Problem to work on: Restate the data below word for word, omitting pictures.

Data:
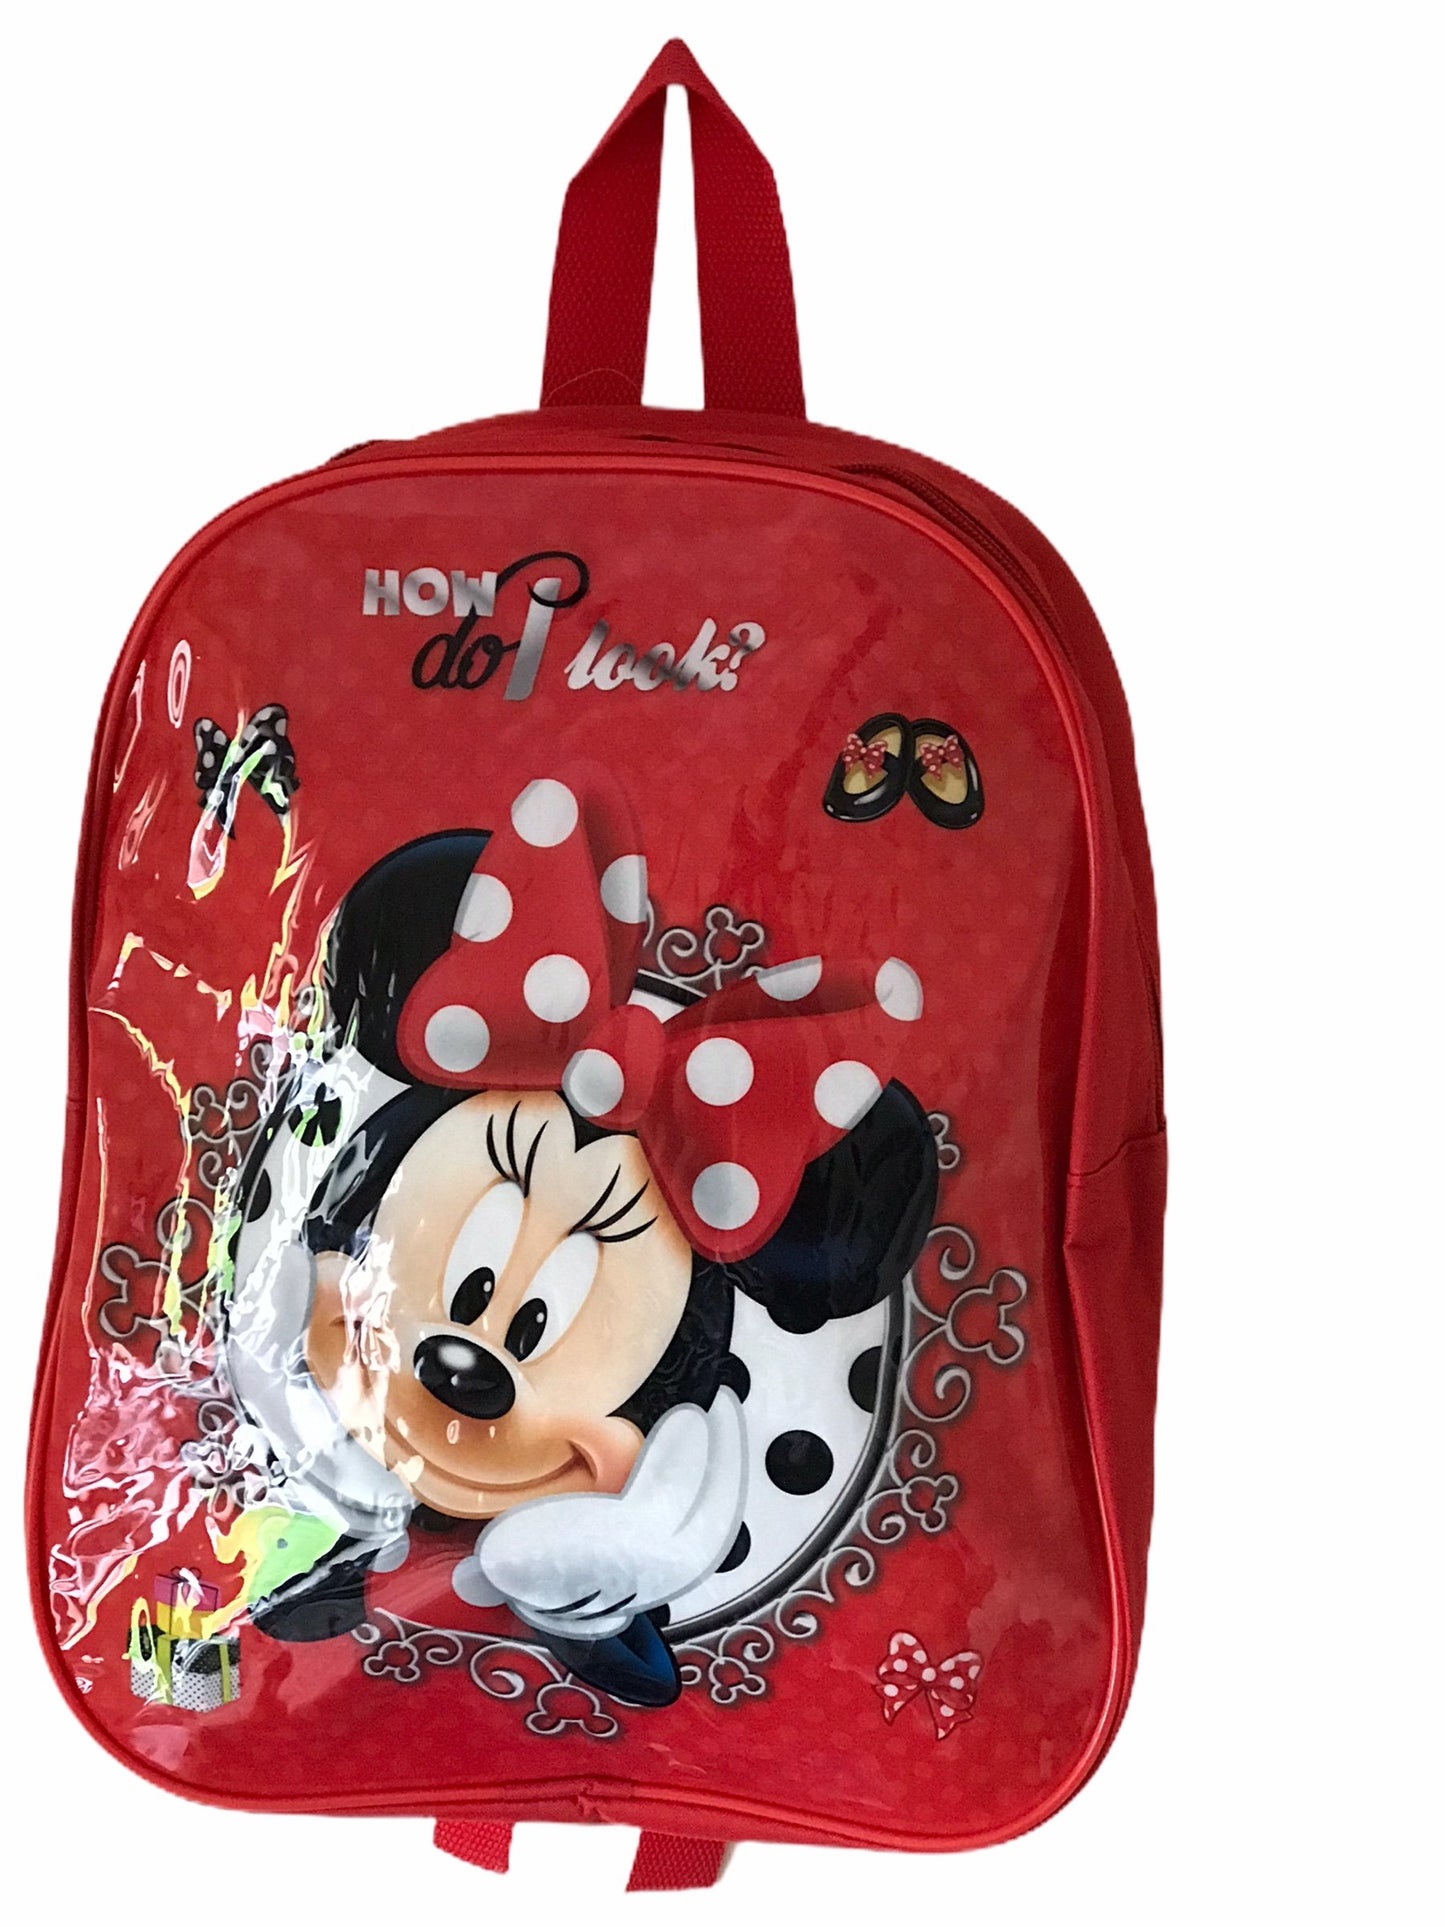 Girl Minnie Mouse Backpack Bag - Glo Selections Kids Shoes
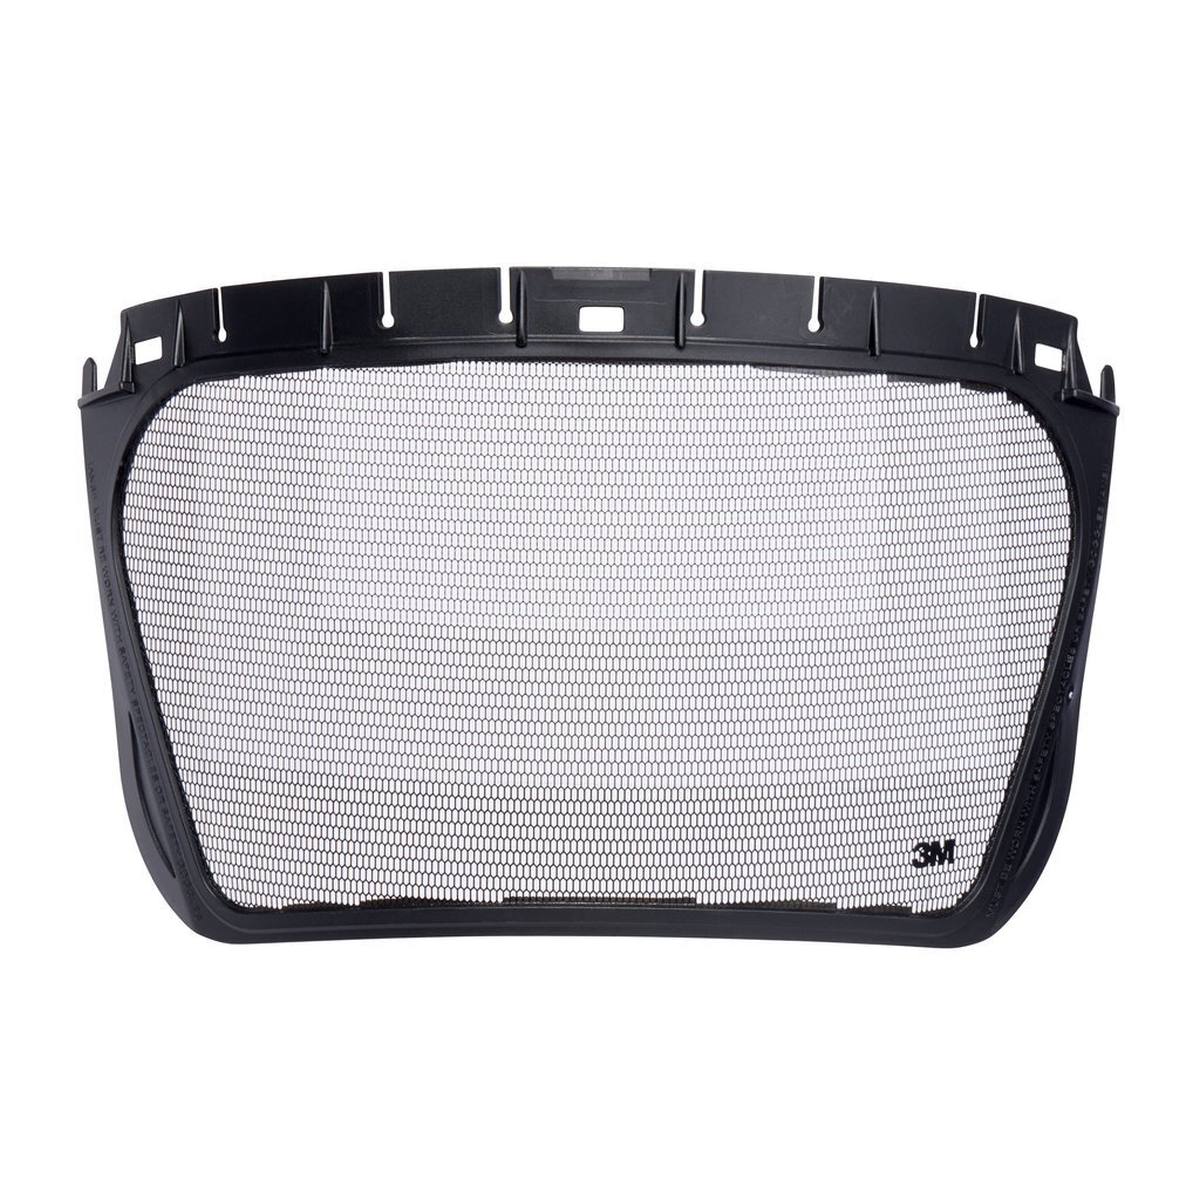 3M 5J Mesh visor Etched stainless steel Mesh size: 0.15mm Light reduction: min. 17%, max. 37%, Weight: 54g Available separately: V5 bracket for 3M safety helmets
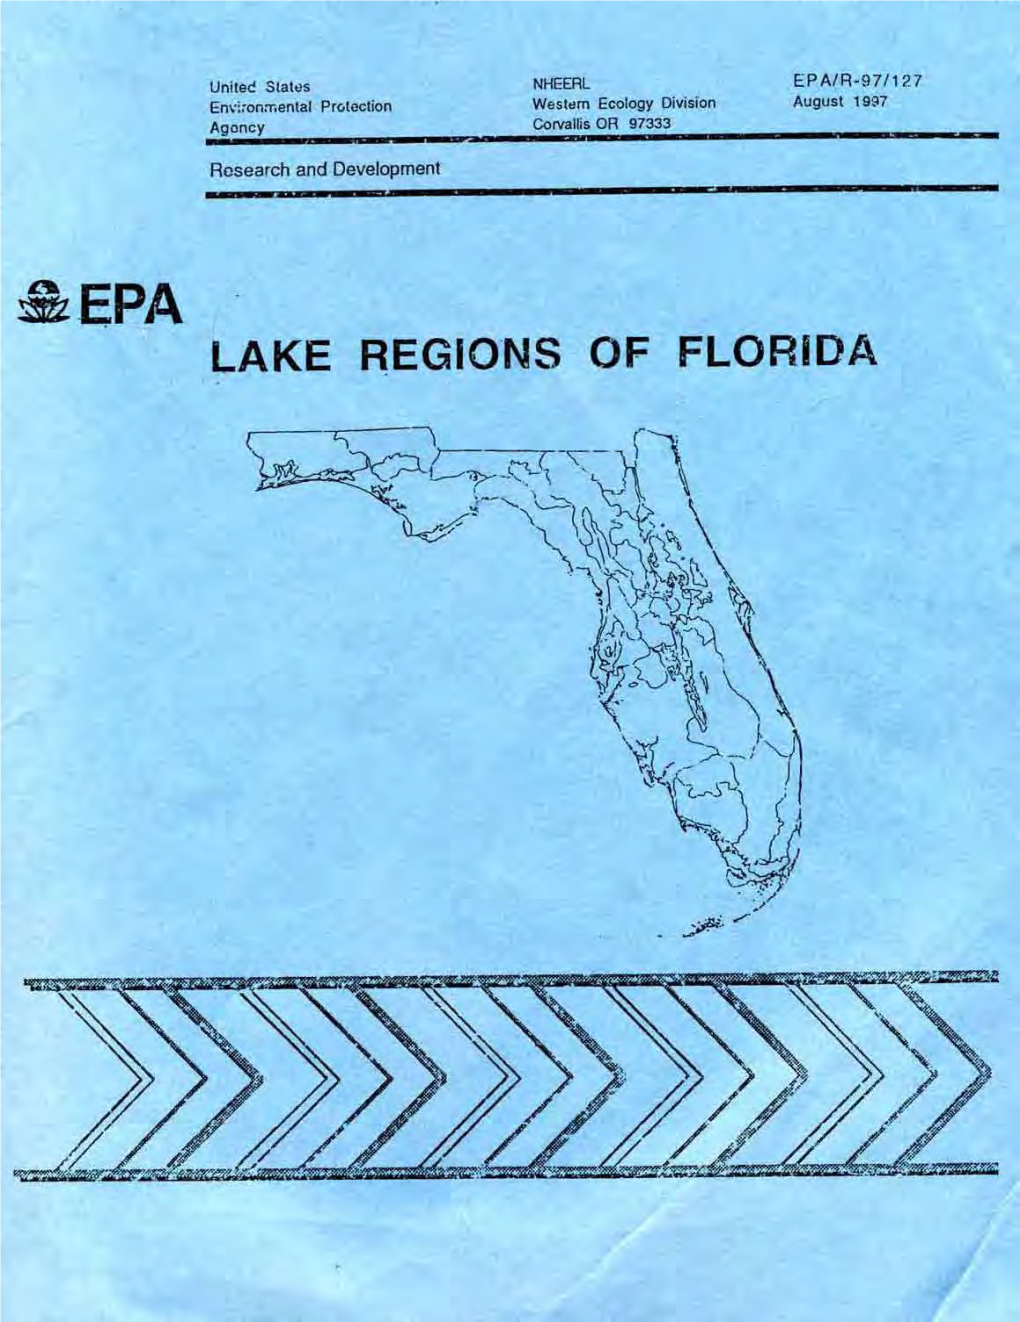 Florida Lake Regions and Associated Maps and Graphs of Lake Chemistry Are Intended to Provide an Effective Framework for Assessing Lake Characteristics
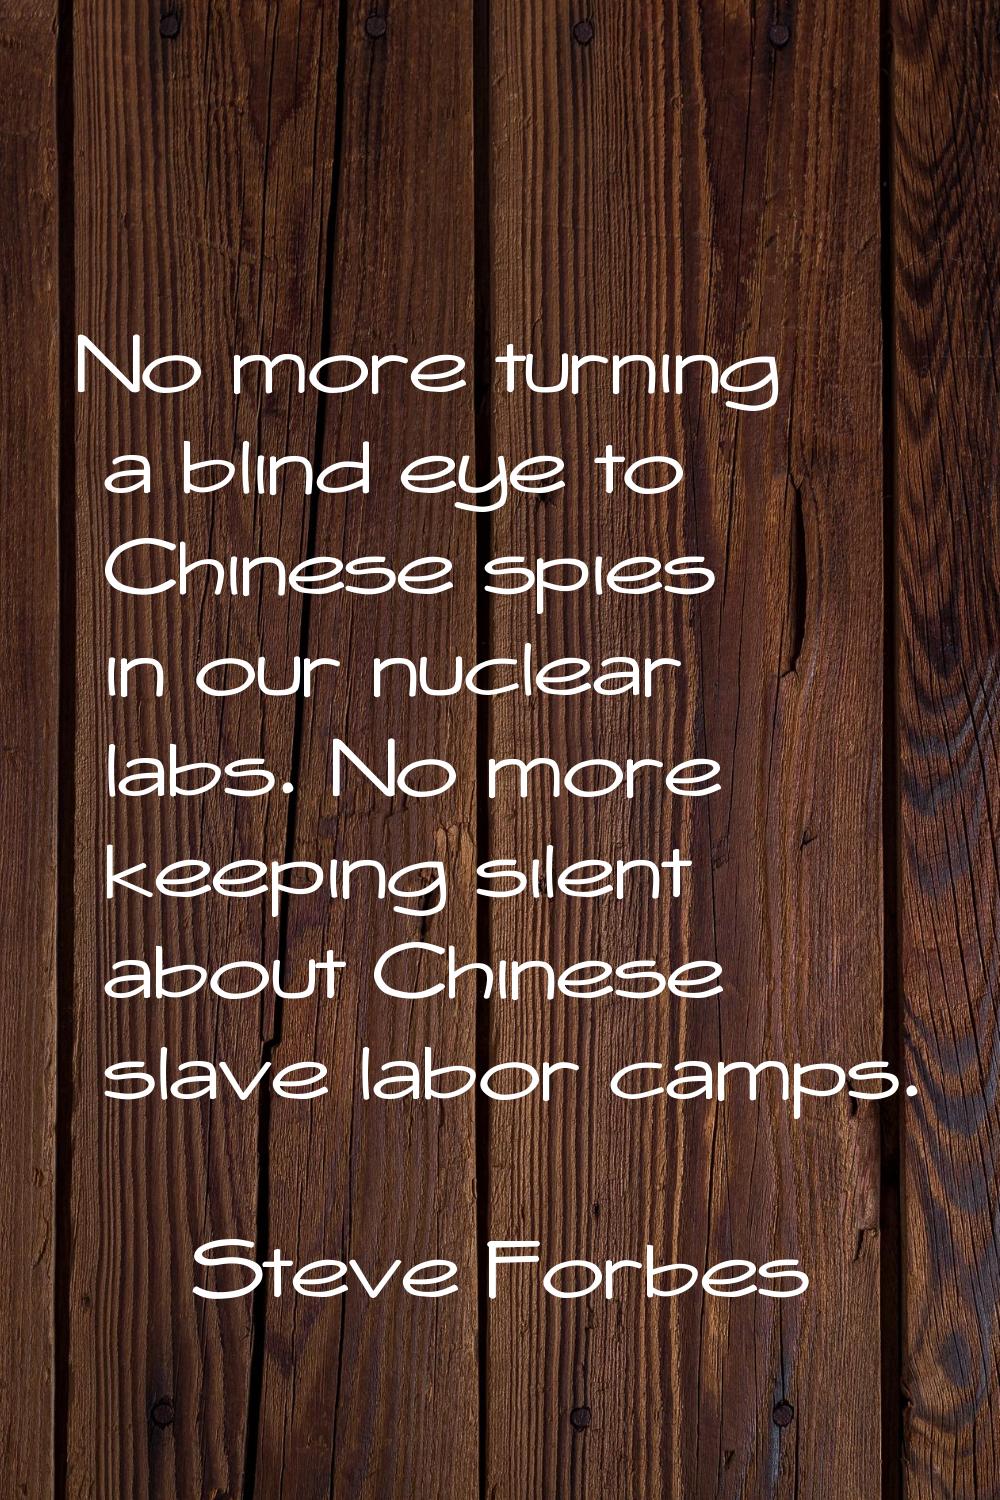 No more turning a blind eye to Chinese spies in our nuclear labs. No more keeping silent about Chin

Solution to this exercise:
 Girl Minnie Mouse Backpack Bag - Glo Selections Kids Shoes
 3M 5J Mesh visor Etched stainless steel Mesh size: 0.15mm Light reduction: min. 17%, max. 37%, Weight: 54g Available separately: V5 bracket for 3M safety helmets
 Florida Lake Regions and Associated Maps and Graphs of Lake Chemistry Are Intended to Provide an Effective Framework for Assessing Lake Characteristics
 No more turning a blind eye to Chinese spies in our nuclear labs. No more keeping silent about Chin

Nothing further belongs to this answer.